Precise classification of megakaryocytes is crucial for diagnosing myelodysplastic syndromes. Although self-supervised learning has shown promise in medical image analysis, its application to classifying megakaryocytes in stained slides faces three main challenges: (1) pervasive background noise that obscures cellular details, (2) a long-tailed distribution that limits data for rare subtypes, and (3) complex morphological variations leading to high intra-class variability. To address these issues, we propose the ActiveSSF framework, which integrates active learning with self-supervised pretraining.

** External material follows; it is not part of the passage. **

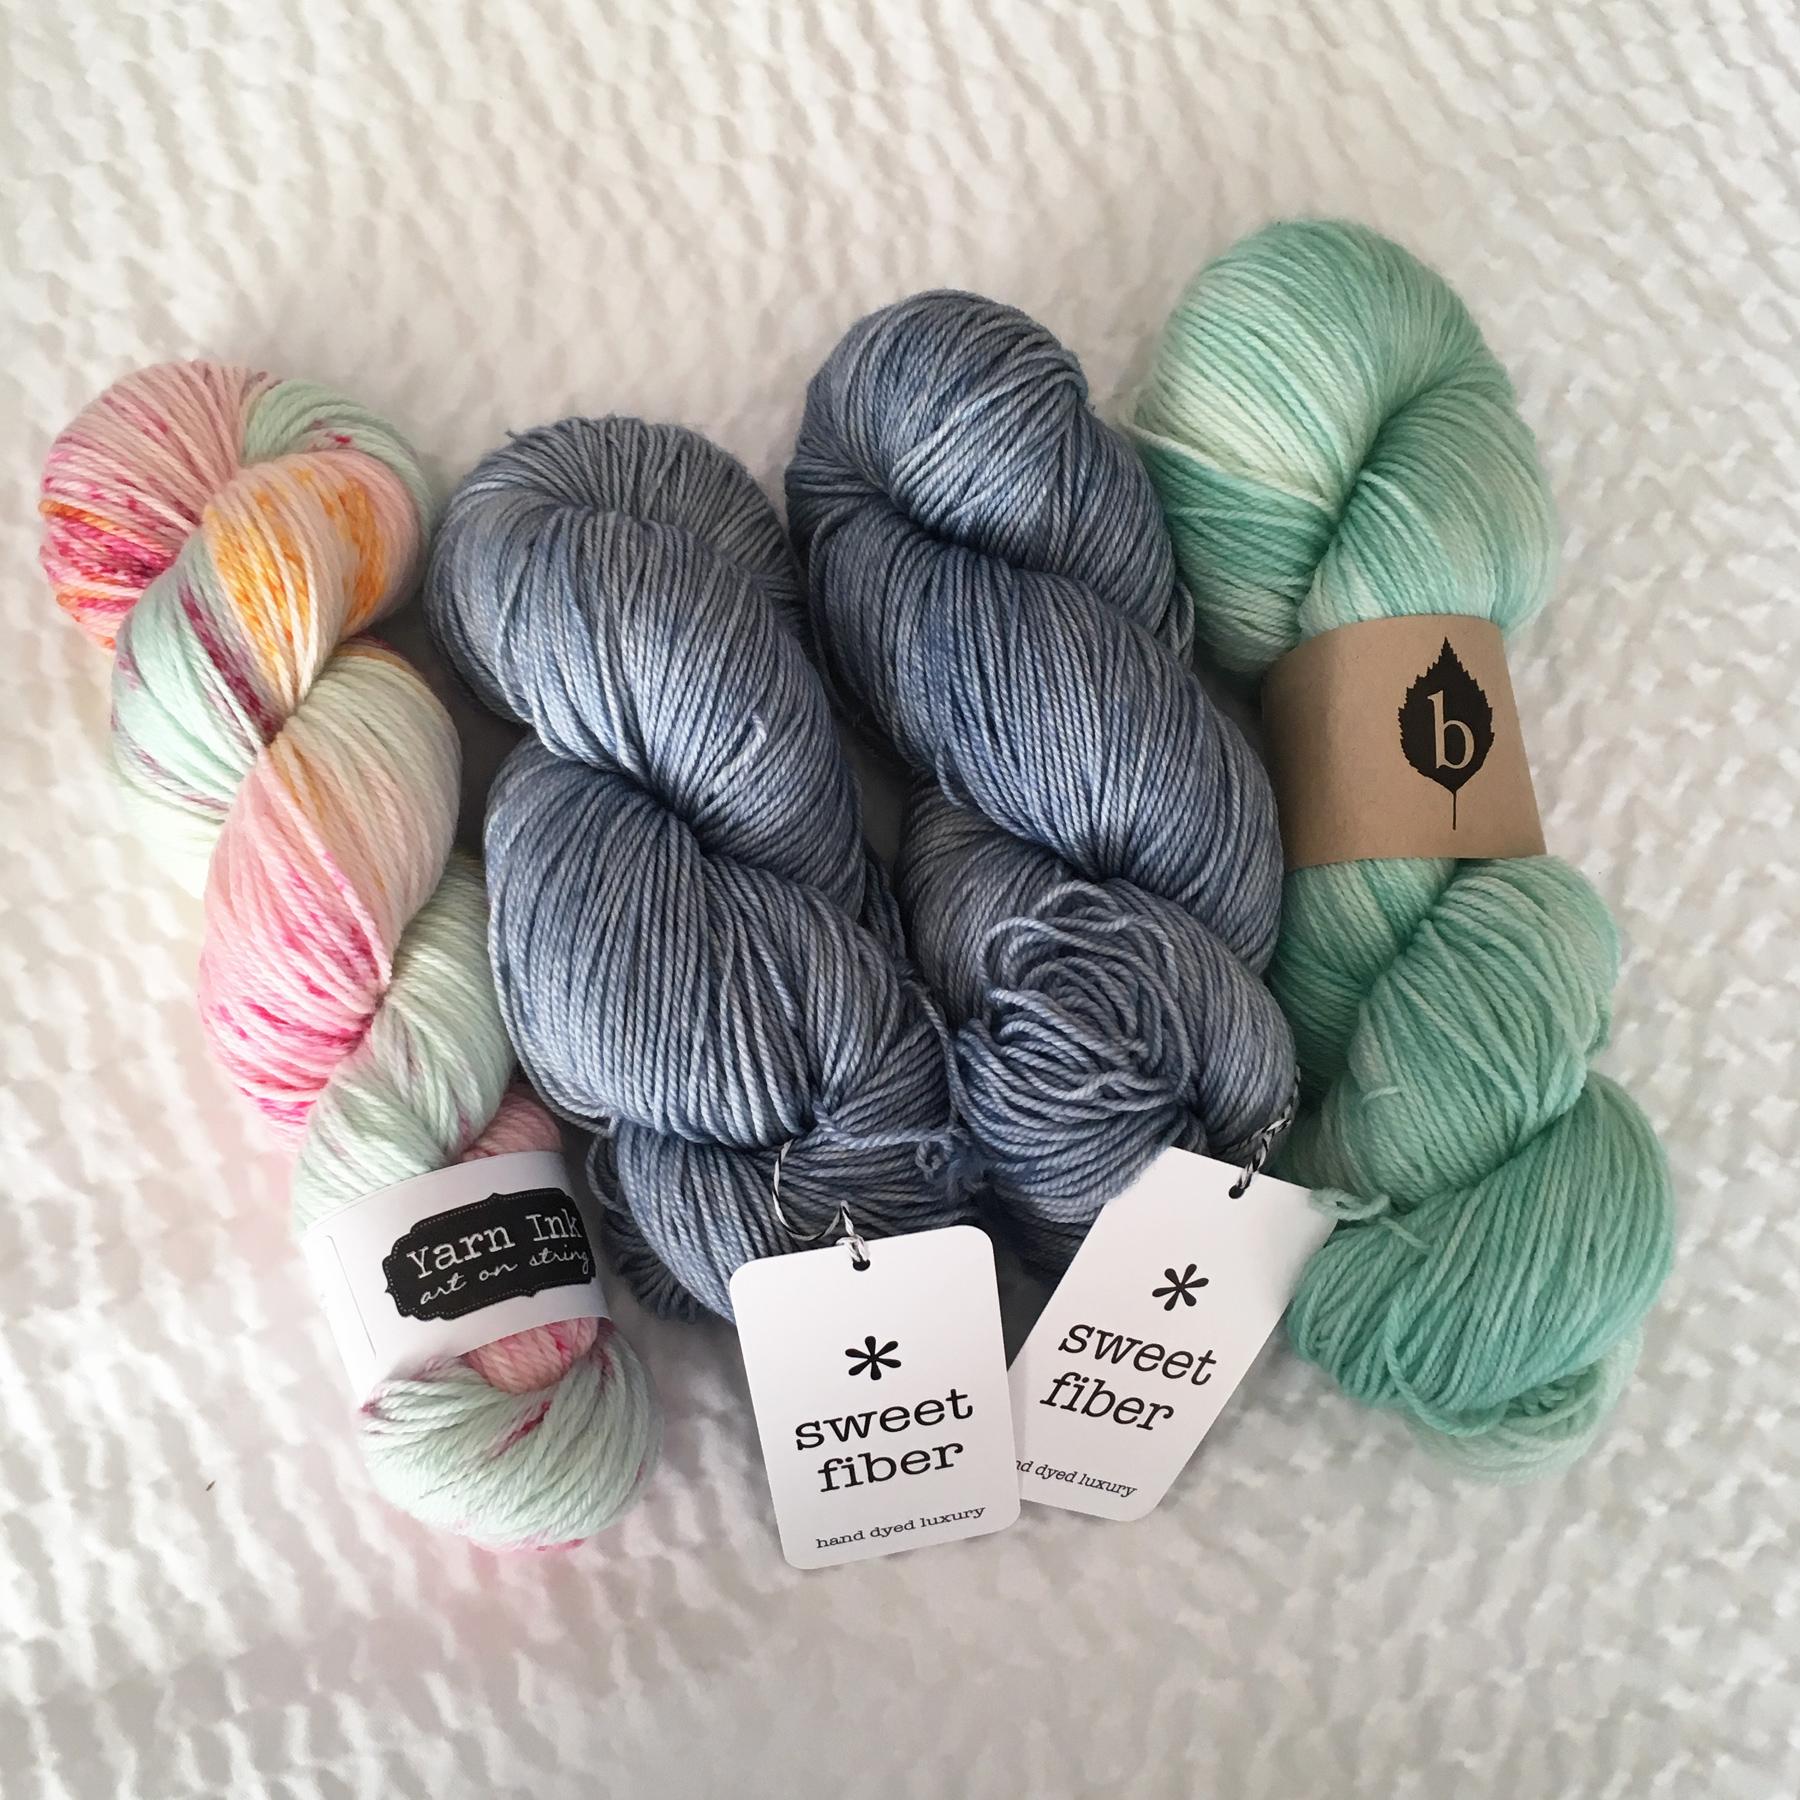 Yarns I bought at Knit City!

Specifically, our approach employs Gaussian filtering combined with K-means clustering and HSV analysis (augmented by clinical prior knowledge) for accurate region-of-interest extraction; an adaptive sample selection mechanism that dynamically adjusts similarity thresholds to mitigate class imbalance; and prototype clustering on labeled samples to overcome morphological complexity. Experimental results on clinical megakaryocyte datasets demonstrate that ActiveSSF not only achieves state-of-the-art performance but also significantly improves recognition accuracy for rare subtypes. Moreover, the integration of these advanced techniques further underscores the practical potential of ActiveSSF in clinical settings.

Paper Structure

This paper contains 15 sections, 9 equations, 3 figures, 3 tables, 1 algorithm.

Figures (3)

  • Figure 1: Overview of our megakaryocyte dataset. Left: Representative images of different megakaryocyte subtypes. Right: Distribution of megakaryocyte subtypes showing the inherent class imbalance.
  • Figure 2: We present a two-stage active learning framework for guiding self-supervised pretraining. Stage 1 (Cell Region Filtering) applies Gaussian blur and K-means clustering to isolate cellular regions from background noise. Stage 2 (Active Sample Selection) extracts features via ResNet he2016identity, clusters them into K prototypes using K-means macqueen1967some, and establishes dynamic thresholds inversely proportional to cluster size—thereby accommodating rare subtypes with lower thresholds. The framework selects samples based on their distance to cluster centers, retaining only those within their respective thresholds for self-supervised pretraining.
  • Figure 3: Comparison of classification performance across all categories, between MAE and MAE+ActiveSSF: (a) MAE Confusion Matrix, (b) MAE+ActiveSSF Confusion Matrix, and (c) Per-Class PR-AUC score Comparison.